In the Matter of the Arbitration between

AFGE Local 1045,


Union,
and FMCS No. 99-10263
DEPARTMENT OF VETERANS AFFAIRS, Grievant E.R. Watters, Jr.
Agency.
_____________________________________/

OPINION OF THE ARBITRATOR

May 18, 2000

After a Hearing Held February 4, 2000 at Biloxi, MS

For the Union: For the Agency:


Andrew L. Brumsey Alan M. Hawthorne, Esq.
AFGE 10th District Regional Counsel
National Representative VA Medical Center
PO Box 3212 1500 E Woodrow Wilson Boulevard
Harvey, LA 70059-3212 Jackson, MS 39216
This matter presents a threshold issue of arbitrability. As early as the

second-step grievance, the Union conceded:

We realize that the Chief, Domiciliary Operations is a non-bargaining


unit position. JX 8, emphasis supplied.

Article 22, Section 1 of the collective bargaining agreement provides in

pertinent part:

This article sets forth the merit promotion system, policies, and
procedures applicable to bargaining unit positions in the Department.
JX 1, emphasis supplied.

As a result of the Union’s admission and the plain language of the collective

bargaining agreement, I conclude that the grievance is not arbitrable.

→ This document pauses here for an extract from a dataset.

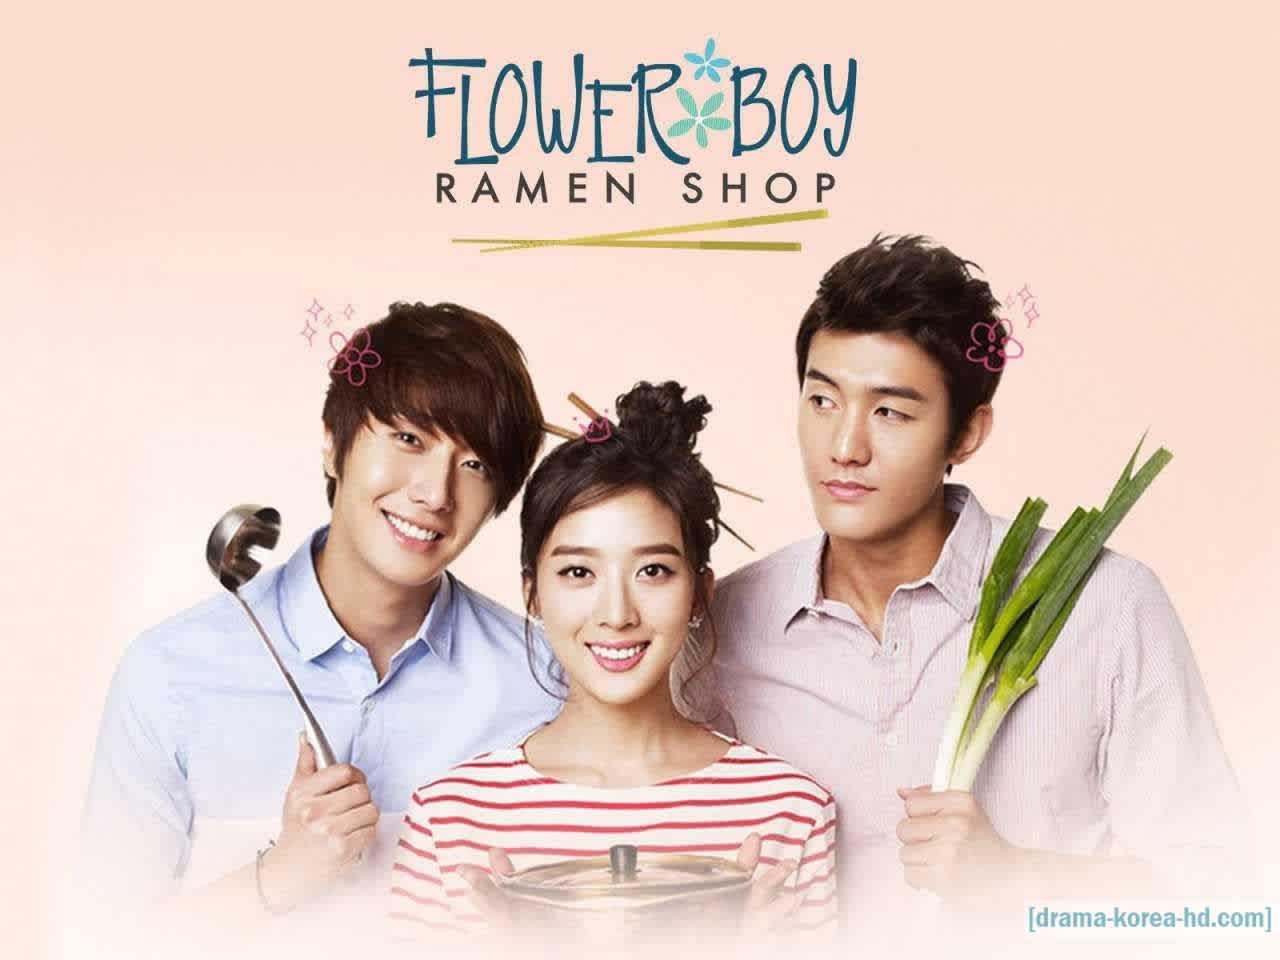 Flower Boy Ramen Shop drama korea
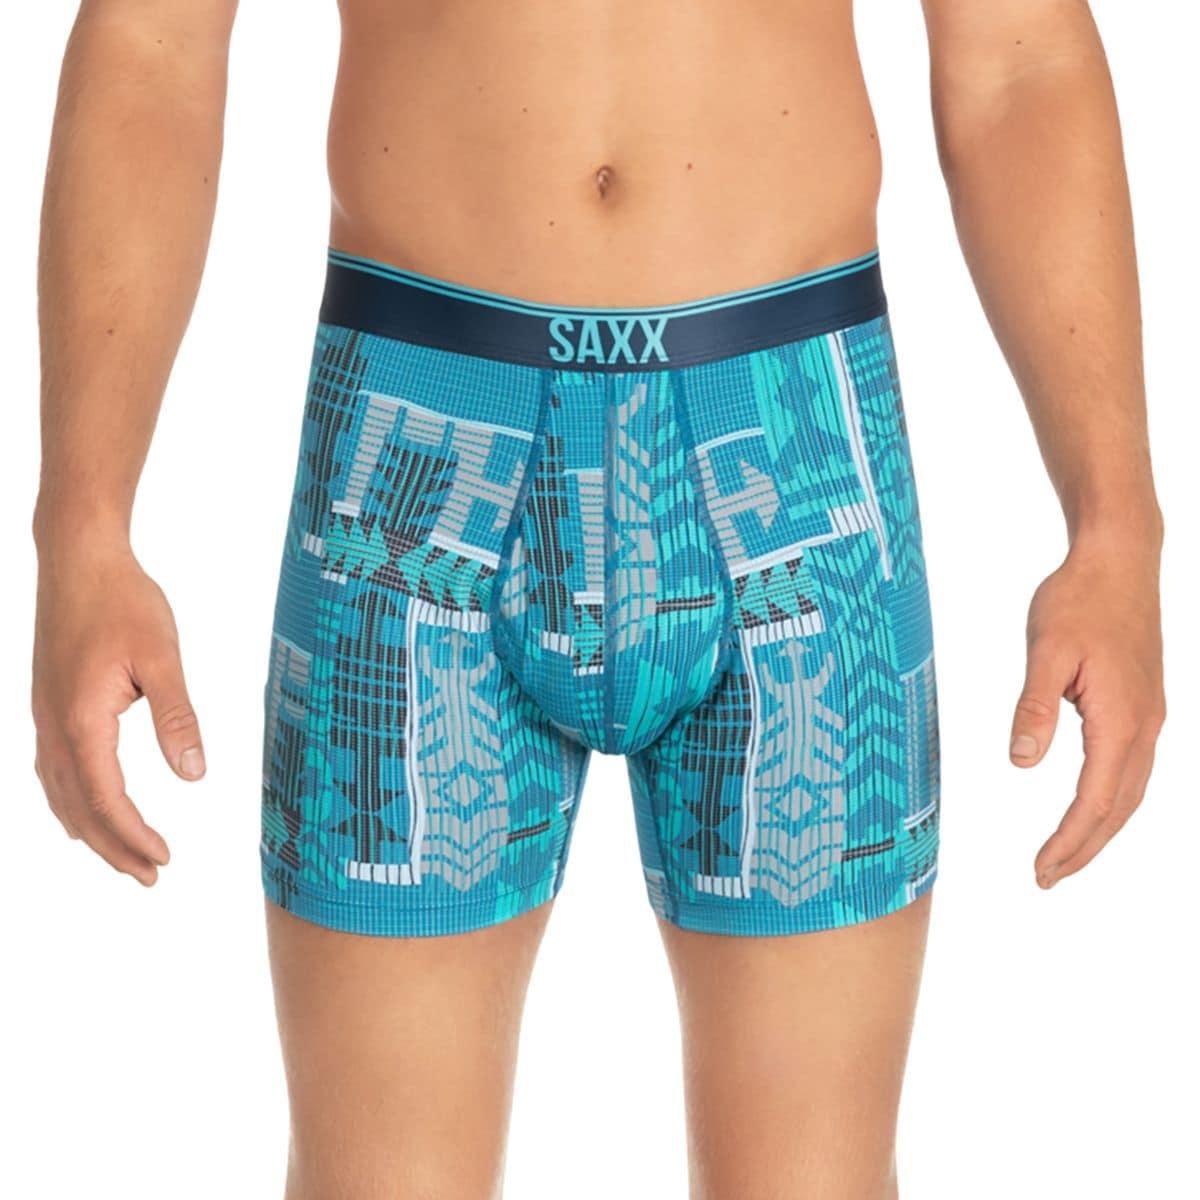 Size M L Saxx Men/'s Underwear Quest Boxer Briefs with Fly Dark Charcoal

This matter arises from the filling of a vacancy for the position of

Chief, Domiciliary Operations (“Dom Chief”) at the VA Gulf Coast

Veterans Health Care System Medical Center in Biloxi, Mississippi, where

employees are represented by Local 1045 of the American Federation of

Government Employees. An interview panel rated grievant fourth and the

successful candidate sixth in terms of job qualifications. The names of the

top three candidates were submitted to the Medical Center Director.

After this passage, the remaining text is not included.